Kaprikornus ketika ada orang lain yang ngasih perhatian, nggak simpel leleh sebab komunikasi kita dengan pasangan lancar. Ketika ada yang flirting, pasangan suami istri yang komunikasinya lancar kemungkinan besar malah lapor sama pasangannya.

Kalau malah berantem, ya berarti punya duduk kasus kepercayaan. Kalau malah jadi banyakan berantemnya dibanding nggak berantemnya?

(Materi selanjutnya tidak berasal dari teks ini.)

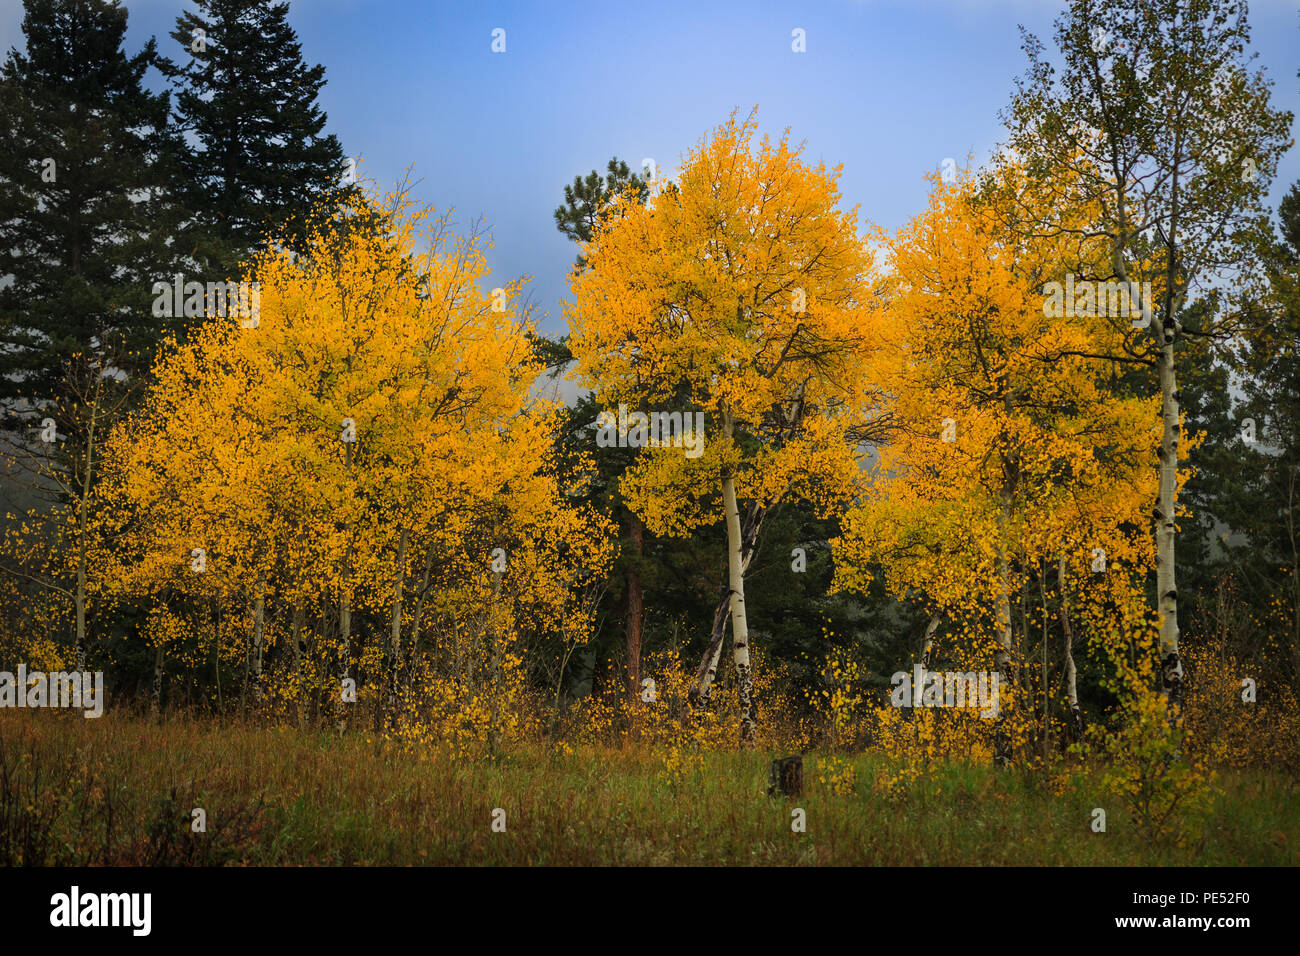 Stand of brilliant yellow aspen trees changing colors amidst pine trees on a misty fall morning in the Rocky Mountains Stock Photo

Ya berarti mungkin memang nggak cocok?

T_____T

Susah ya nikah?

Kalau kata mbak Vera (again mbak Vera, doi dapat difollow loh di Instagram @verauli.id):

Cinta butuh dipelihara supaya terpelihara.

Iya ijab kabul butuh dipelihara, butuh usaha, berusaha selalu kasih yang terbaik, kasih waktu, kasih perhatian, dan sebagainya. Pernikahan kan bukan Tesla, jadi nggak dapat autopilot. Pernikahan harus diusahakan berdua, jadilah pilot dan co-pilot. *maafkan analogi yang sungguh tekno*

Tapi yah, ini cuma dari saya yang kebetulan terpapar aneka macam curhat soal selingkuh. Maaf sekali kalau ada yang menyakiti dan maaf kalau banyak yang bikin kaget.

Sekian dan terima kasih.

-ast-

Saya tidak baiklah pelakor yang harus menjaga diri. Yang dihentikan meladeni suami orang lain. Kenapa? Baca di sini; wacana Pelakor.

PS: Karena menulis ini saya jadi tahu ada istilah pebinor. Perebut bini orang. Ya, at least kini seimbang. Meski sekali lagi: urusan kita apa hingga harus melabeli orang dengan pelakor atau pebinor?